それにしても、さっきから自分は海山川などのことを自然と呼んで書いているけれど、そういった自然と思っているものの大半には人間の手が加えられているってことを、以前にも書いたが自分なんかは藤本タツキのエッセイを読んで初めて意識し始めたのだが、この論考にも同じようなことが書かれていて、それがなぜか嬉しかった。

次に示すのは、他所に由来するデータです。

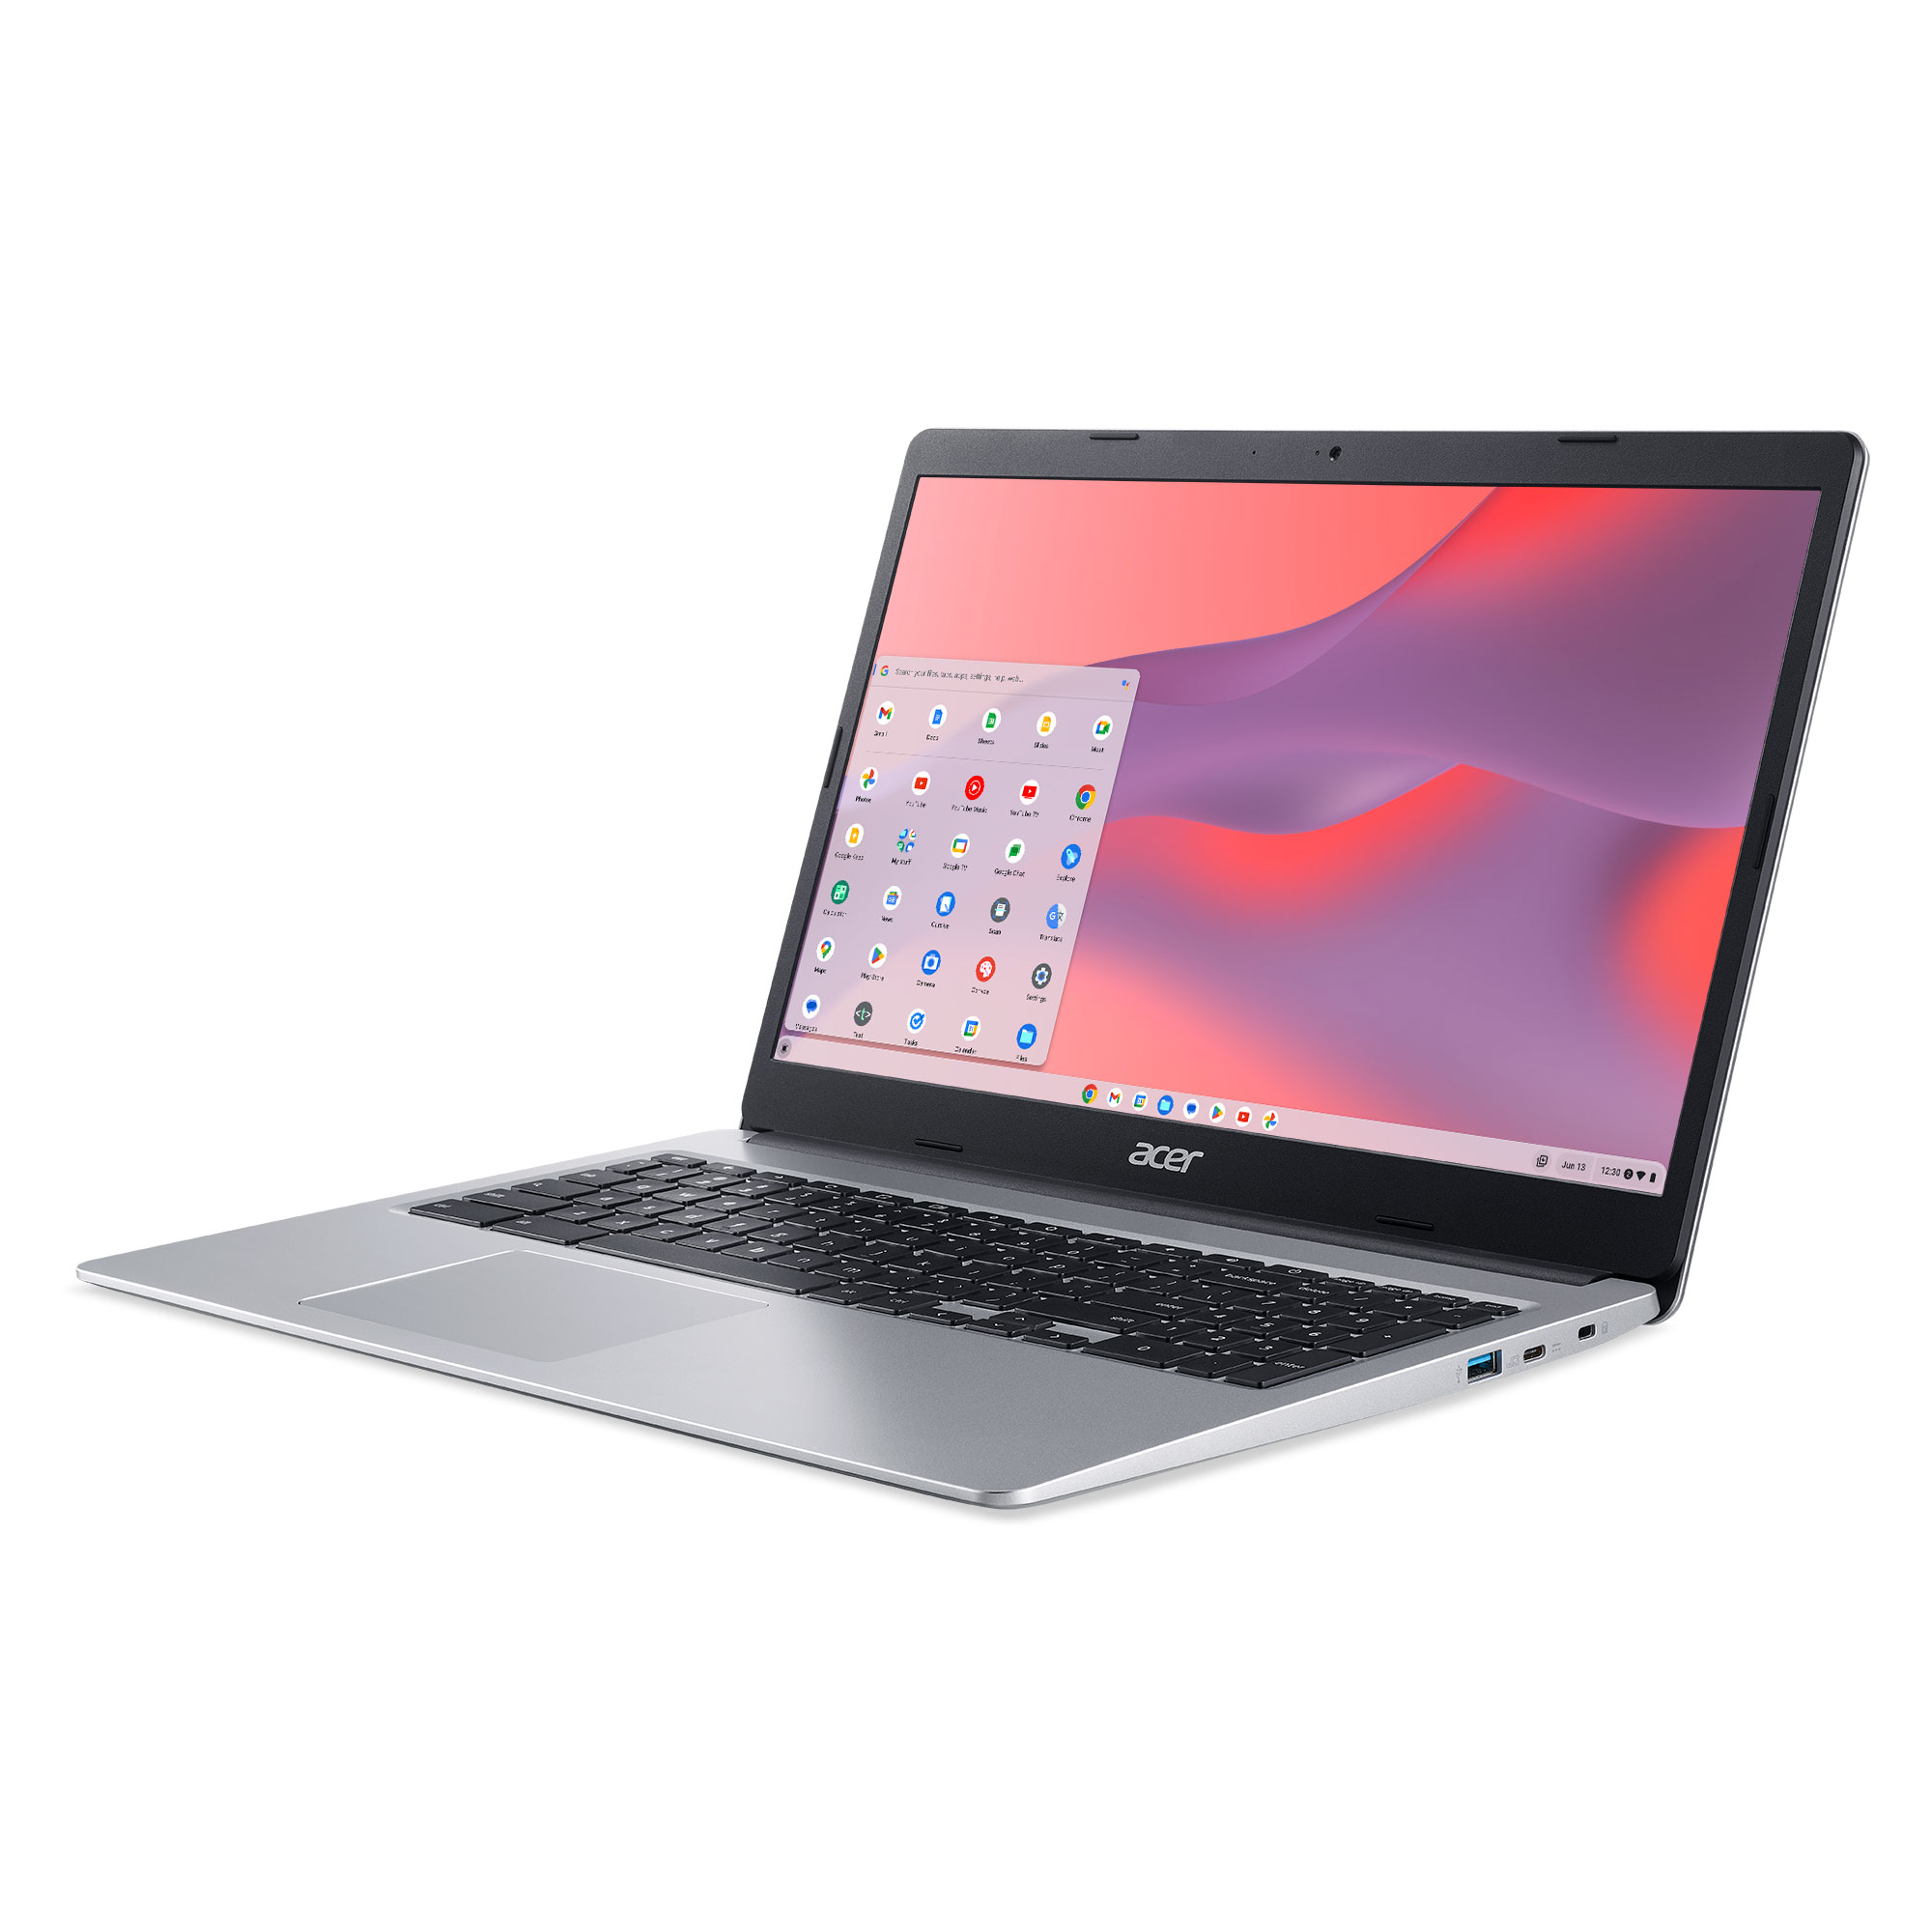 Acer Chromebook 315 (2019), 15.6" HD, Intel Celeron N4020, 4GB RAM, 64GB eMMC, Silver, CB315-3H-C19A - image 4 of 5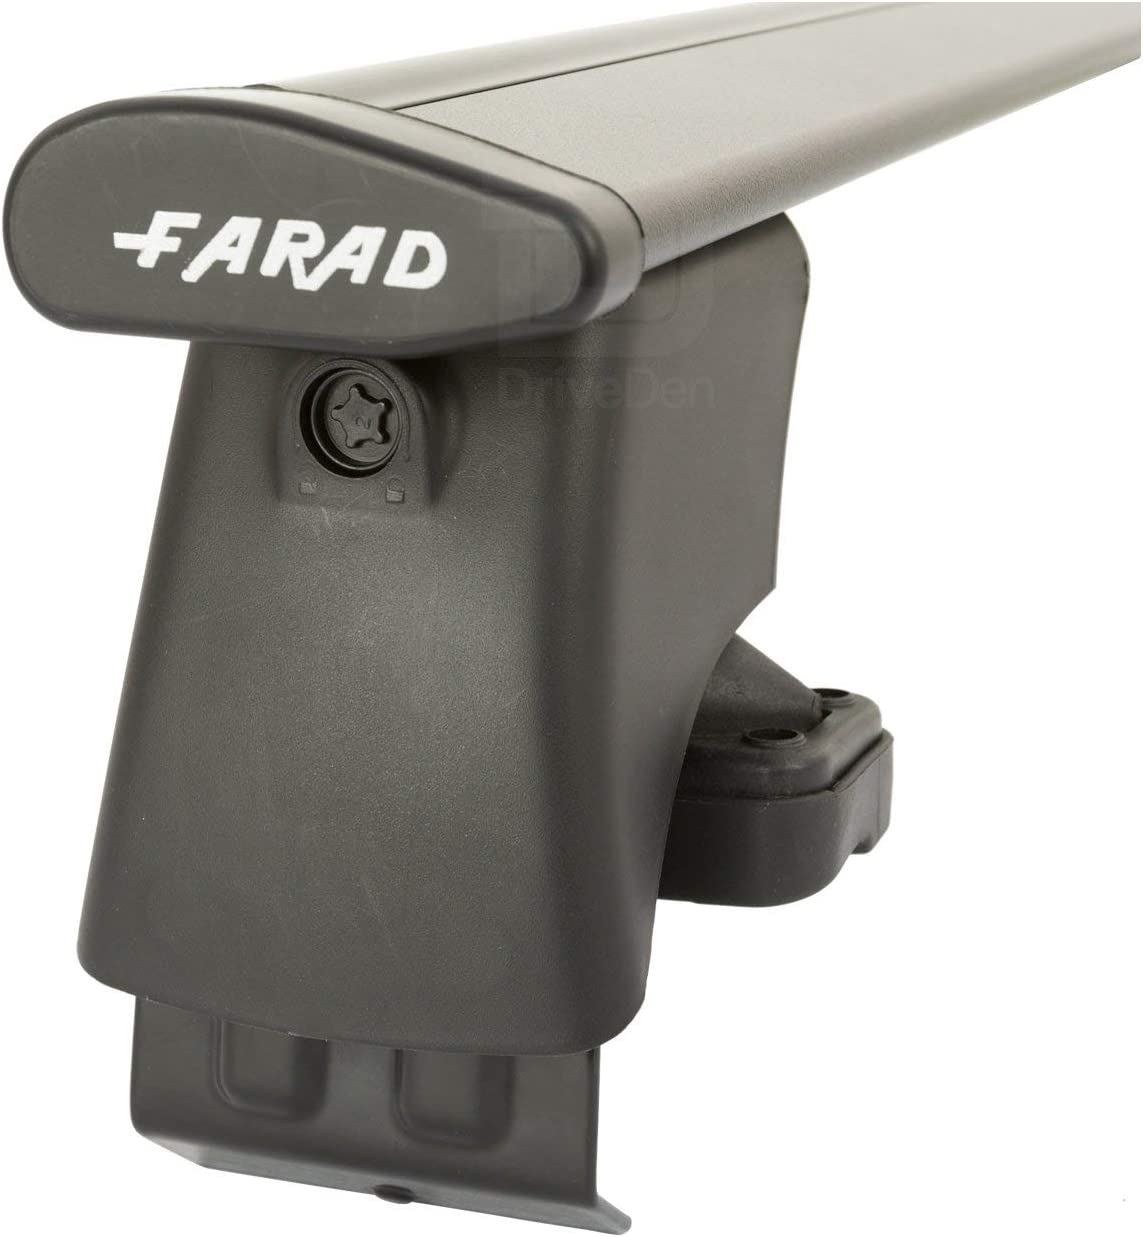 FARAD-Kit H2 per barre portatutto - Audi A3 Sportback 2003-2012 (senza corrimano)

もちろん田は人工的な構築物だし、野原や森も含めて、われわれの周りに人間の手が入らないという意味での純粋な自然はもはや存在しないから、ここでは人々が「自然」と認識するものという意味で使っている。 p56
そういうことを意識し始めてからというもの、特に何があるというわけではないが、山の尾根に沿って送電鉄塔が並べられているのに気づいて、一体どうやってあんなところに建てたんだろうか、人間すごいなと思ったりした。海岸線に沿っていくつも積み重ねられているテトラポットを見て、これほどの数を一体どうやって置いたんだろうと、巨人が手のひらから金平糖のようにテトラポットをバラバラと落としては並べていく様を想像したりもした。そんなことを考えていると、街がとてつもない時間をかけて形成されているっていうよくある考えにたどり着くのだが、特にそのことに感動を抱くわけではなく、ただぼんやりとそう思うだけで、だからなんやねん、と自分でも思う。「街がとてつもない時間をかけて......」うんぬんは、純粋に自分の中から出てきた考えじゃなくて、どこかで聞いたことのあるような考えが頭に浮かんだだけ。100%純粋に自分から生まれた考えなんてありえないのだけれど、より自然っぽい思考はある。